┌─ AVAILABLE DATA
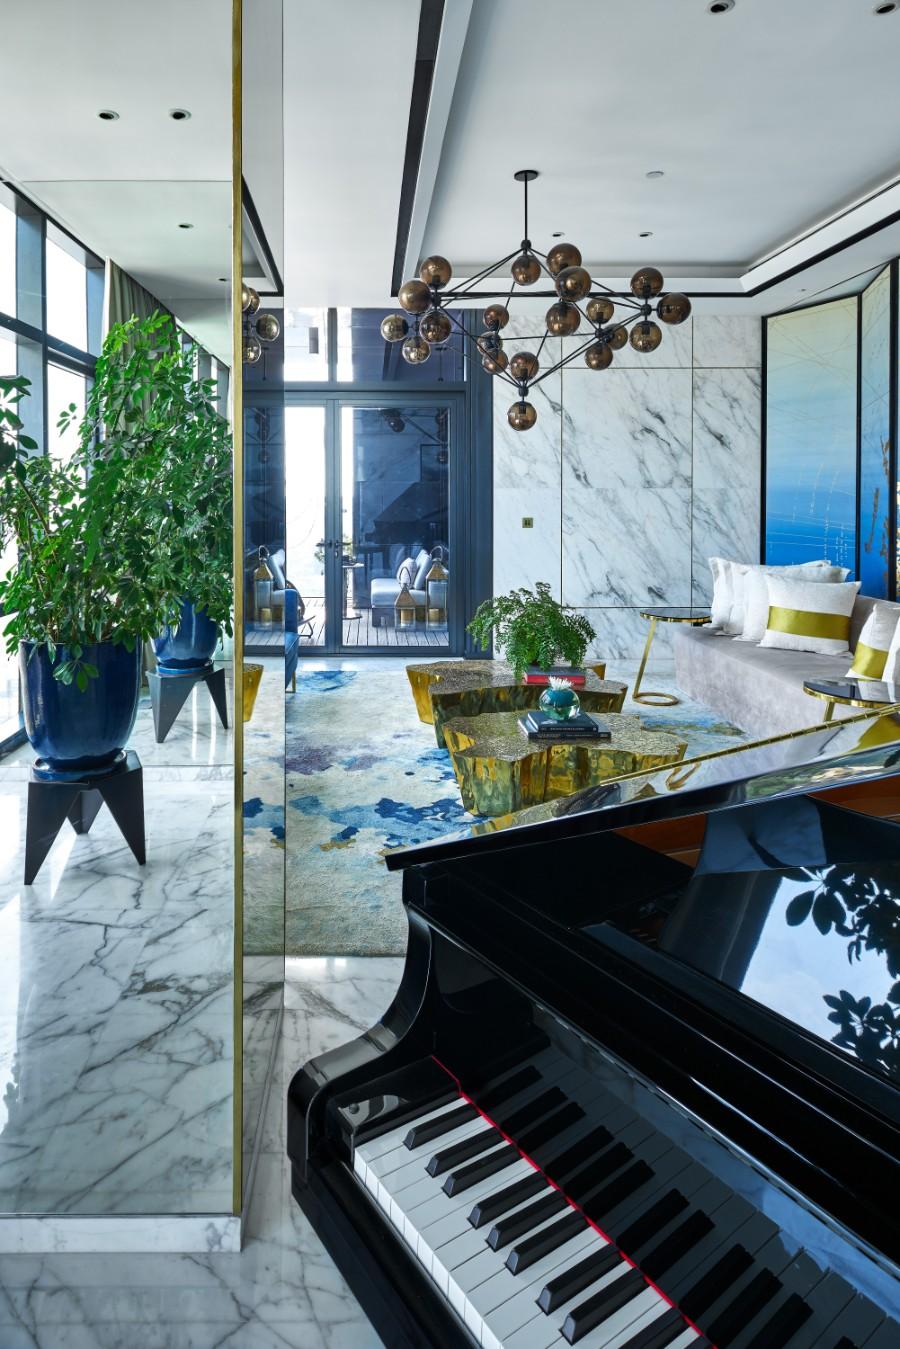 exclusive design Exclusive Design: Altamount Residence by Hirsch Bedner Associates Inside Altamount Residence by Hirsch Bedner Associates 33
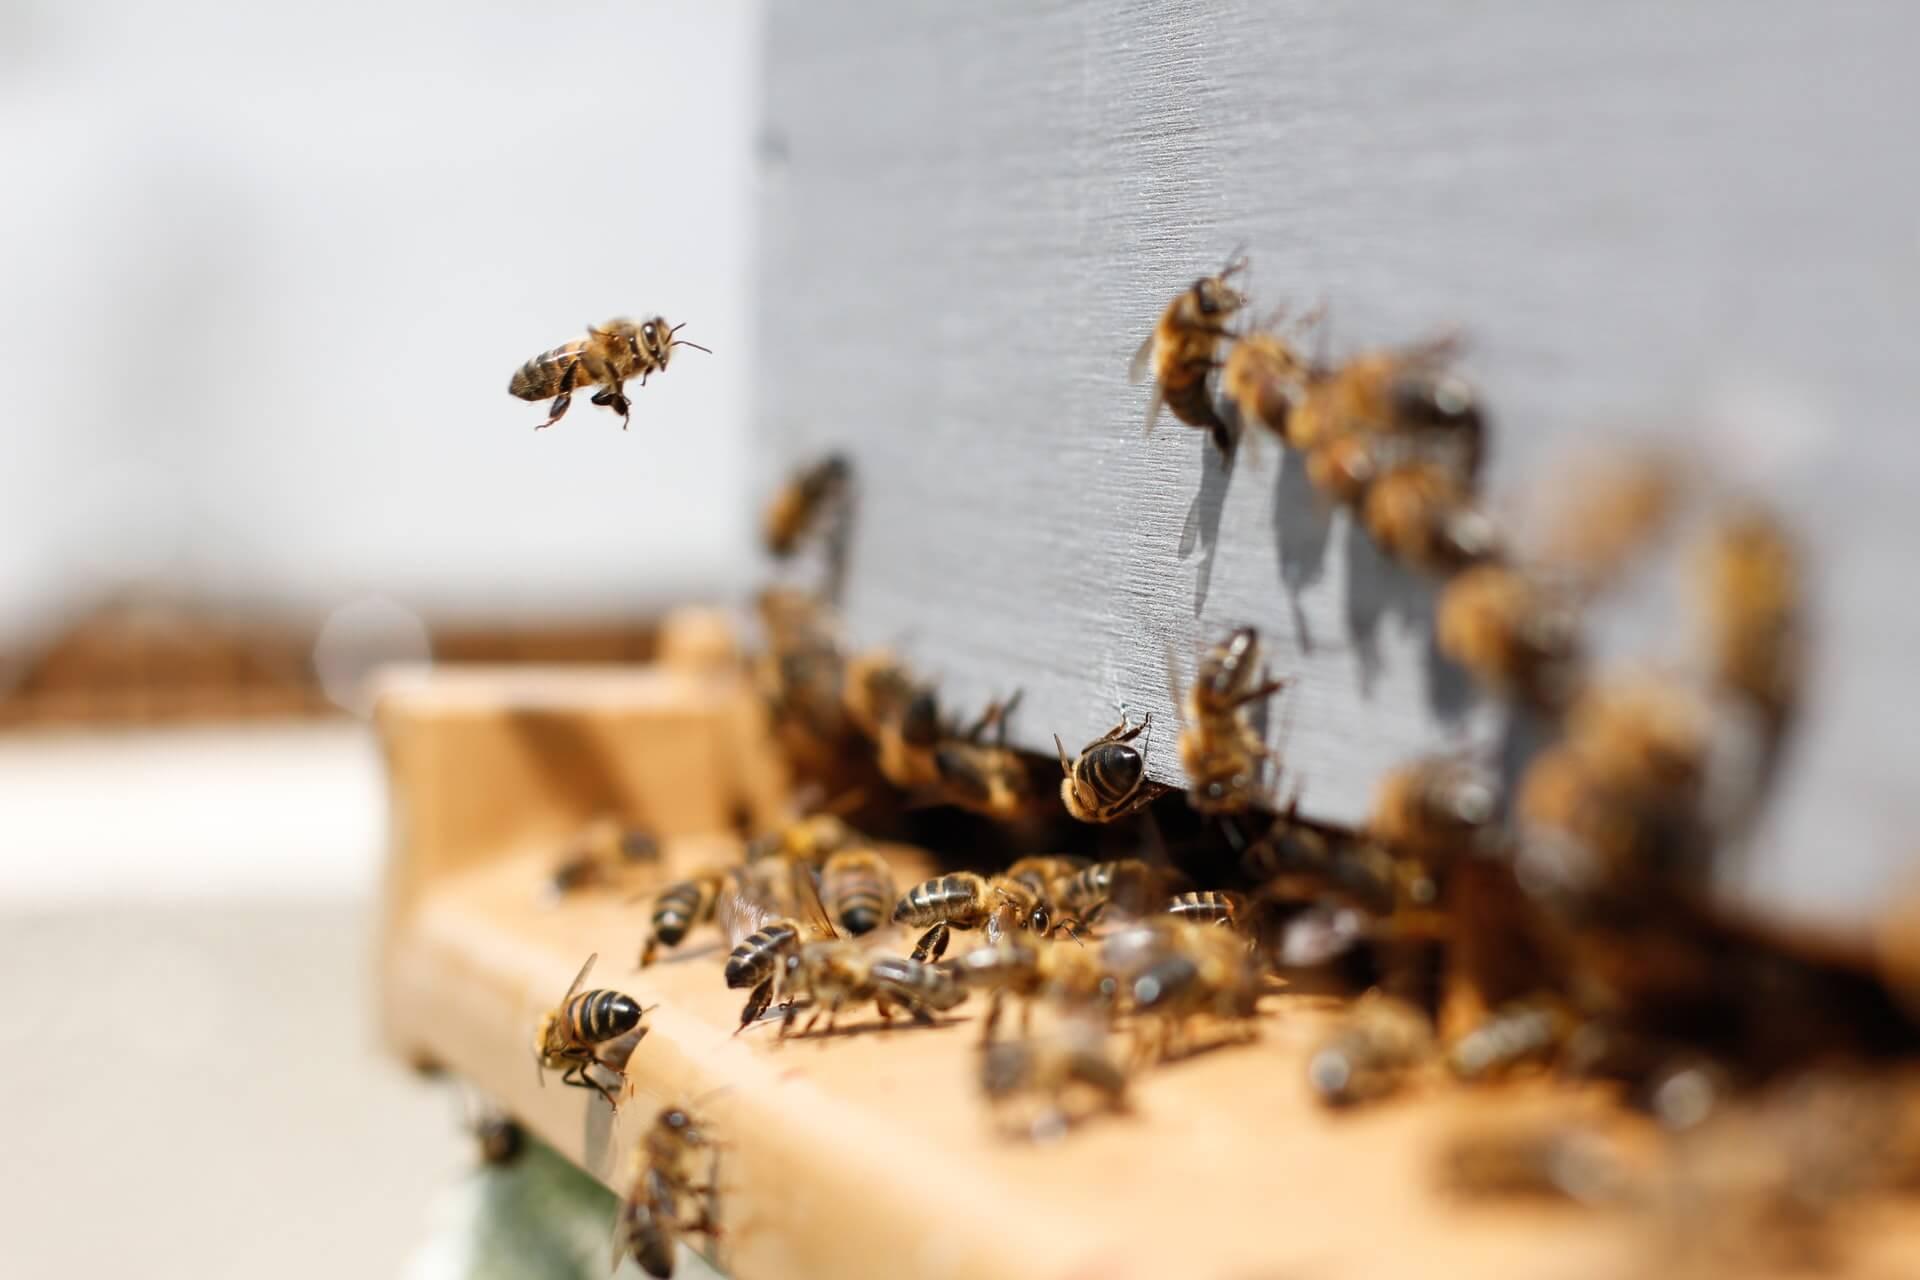 Dozens of bees working
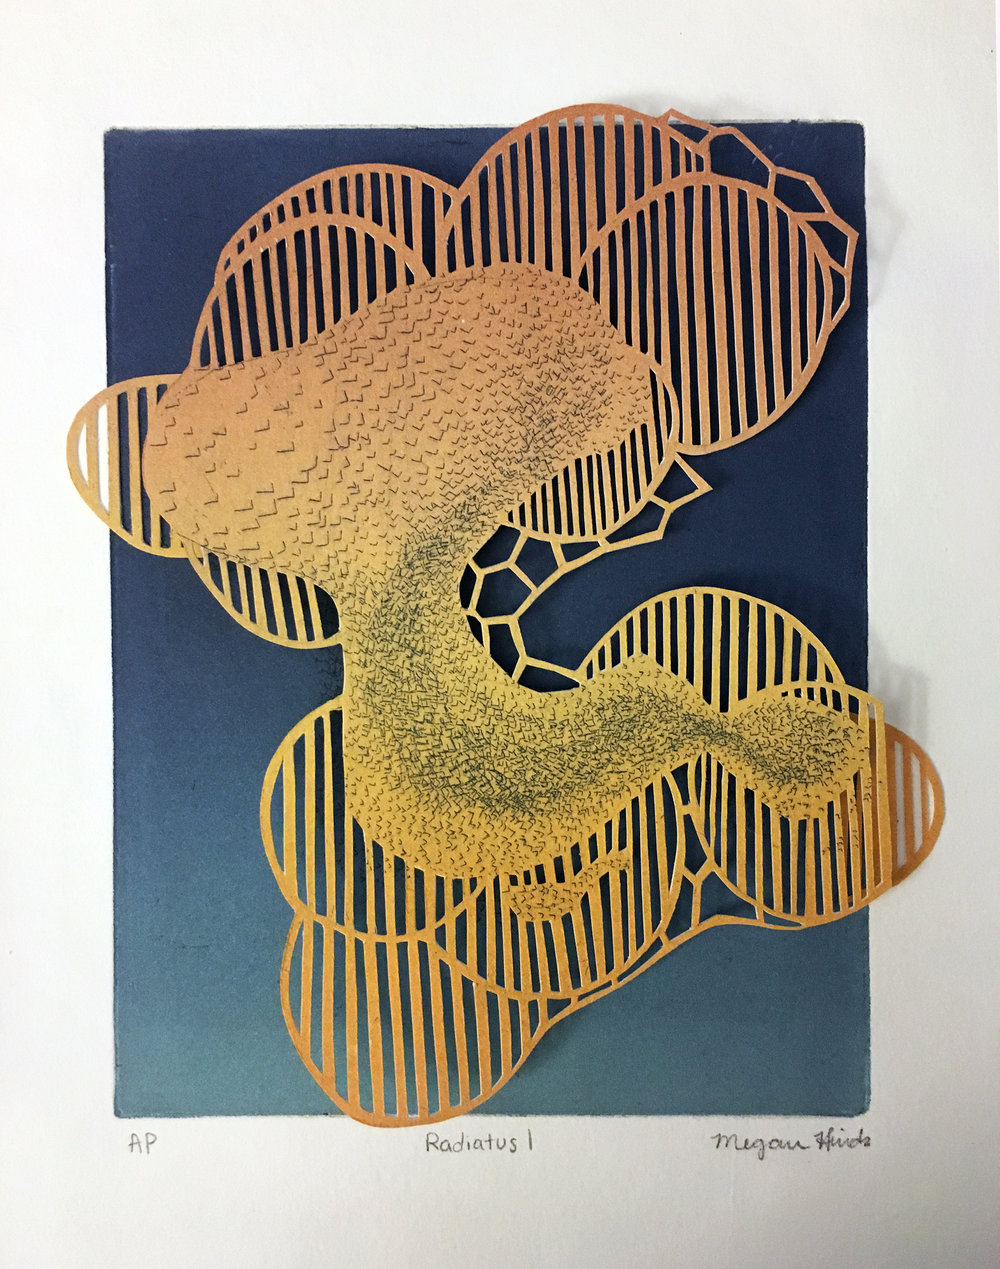 Megan Hinds_Image8_ Radiatus I_Intaglio, Monotype, Hand cut paper_ 8ΓÇ¥ x 10ΓÇ¥ x 2ΓÇ¥_$150 .jpg
└─
I would like the material above returned exactly as it stands, without its pictures.

 exclusive design Exclusive Design: Altamount Residence by Hirsch Bedner Associates Inside Altamount Residence by Hirsch Bedner Associates 33
 Dozens of bees working
 Megan Hinds_Image8_ Radiatus I_Intaglio, Monotype, Hand cut paper_ 8ΓÇ¥ x 10ΓÇ¥ x 2ΓÇ¥_$150 .jpg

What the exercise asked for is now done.